Transliteration, descriptions, compassion


The pronouncements of several characters, notably Odat Kochamma and Broker Aniyan, are delivered with wit and flair, delighting this reader. The transliteration of Indian words into English can fall short in some books, with the pronunciations seeming quite foreign. Here, I found the Malayalam transliterations to be generally true to the ear. Many Malayalam phrases and aphorisms season the narrative, a literary sprinkling of mustard seeds and kariveppila.


A few things gave me pause. The authorial voice occasionally presents itself, temporarily displacing the characters on the page, for example, in explications about caste or complicated and unintentionally hilarious nicknames. When Digby's housekeeper Muthusamy brings samosas as snacks, one wonders if in 1950s Madras, vadas may not have been more common than this north Indian offering?


The descriptions of individuals always include their complexion: Dolly is fair. The young bride's husband is dark. But in the fields, he looks fair because those around him are so much darker. In this, the book seems to subscribe to India's entrenched color consciousness, or perhaps, gives into it.

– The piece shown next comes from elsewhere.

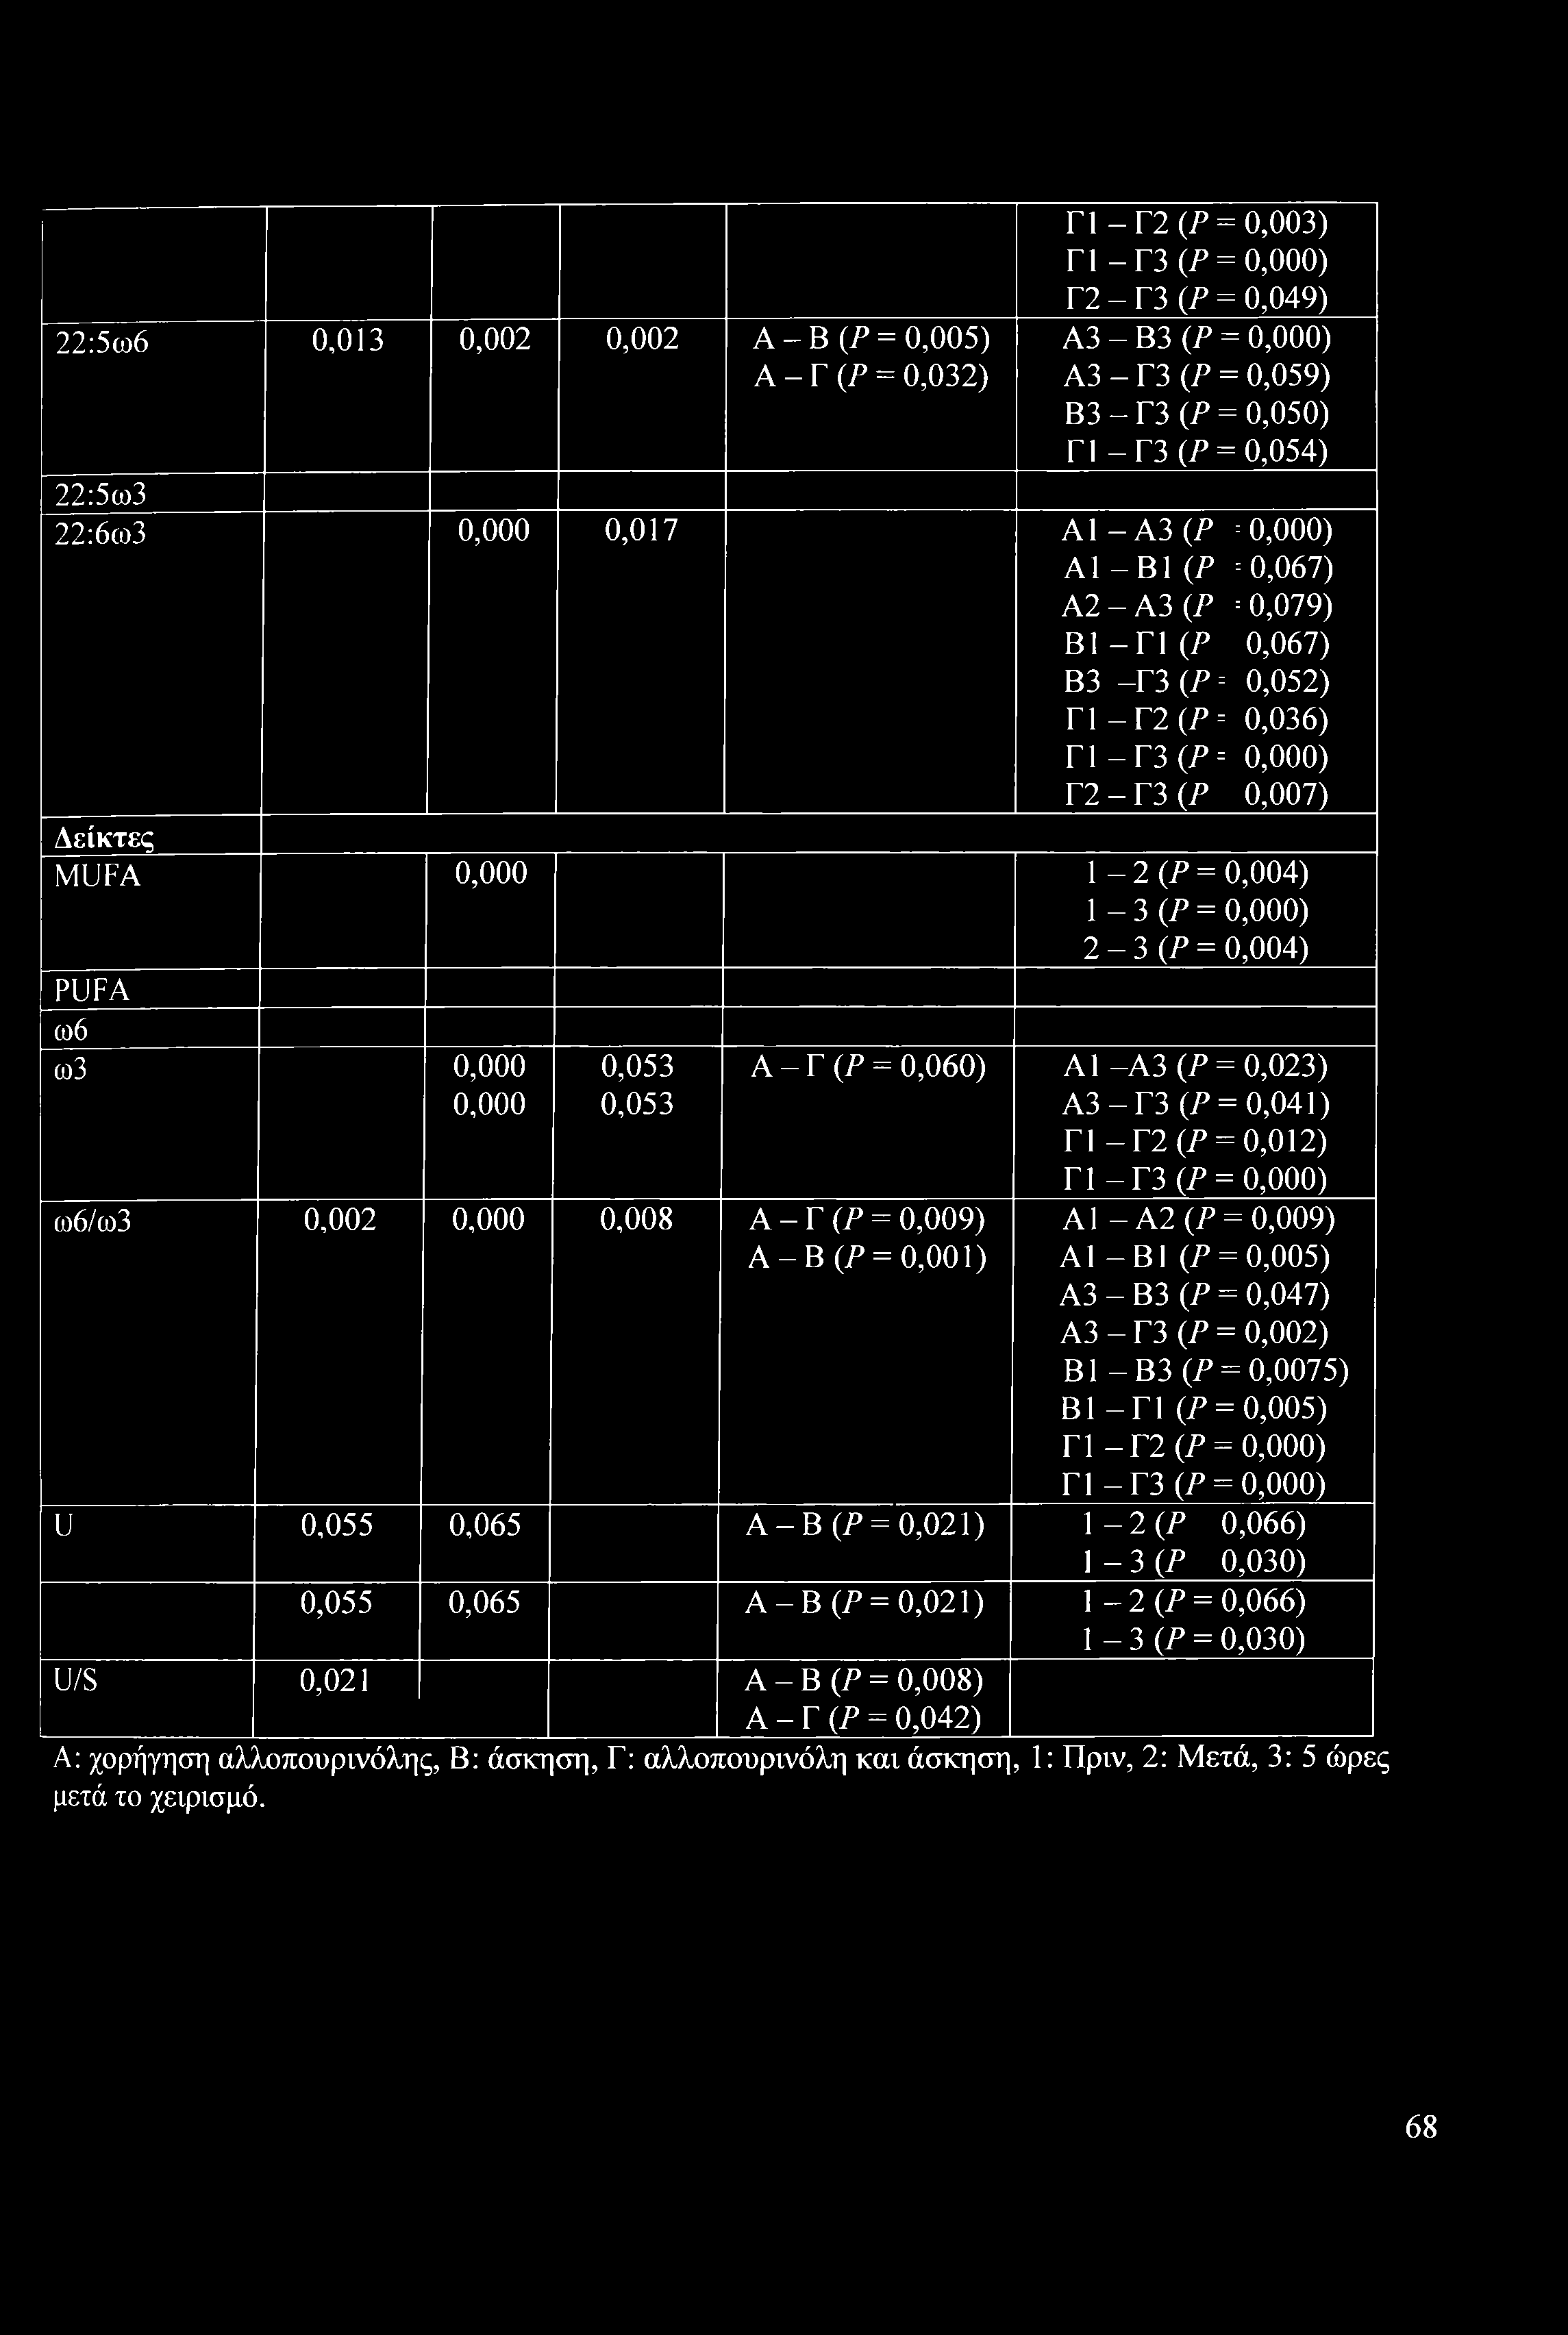 P B3 -Γ3(P= Γ1 -Γ2 (P-- Γ1 -Γ3 0P = Γ2 - Γ3 (P -- 0,000) = 0,067) = 0,079) 0,067) 0,052) 0,036) 0,000) 0,007) Δείκτες MUFA 0,000 1-2 OP = 0,004) 1-3 (P = 0,000) 2-3 (P = 0,004) PUFA ω6 co3 0,000

The descriptions of the colors, smells, trees, fruits, flowers, and wildlife in Kerala transported this writer to her holidays as a child in this land of extraordinary beauty. A night is described thus: "The frogs announce themselves and Caesar howls at the moon. Anna Chedethi lights the lamp and a moth comes to dance around it." Descriptions of individuals are affectionate and sweet, such as this one of the arrival of an aunt, Odat Kochamma: "Blessings come in many shapes and sizes, but the one that arrives around the Onam festival happens to be of the bow-legged variety."

Illustration by Thomas Varghese

It may seem a contradiction, in a 700+ page book, to praise the author's economy of words. The number of pages is fitting for a panorama of this scope: a vast, three-dimensional landscape with a multitude of portraits, across the span of many interconnected lives. And yet, in this vastness, with simple, evocative language, sometimes in just a sentence or two, he captures the shape and color of each individual's feeling in every moment, and the essence of the person's character. What makes this possible, in my view, is Dr. Verghese's deep empathy and compassion for humanity, and as deep an understanding of human nature as of the human body.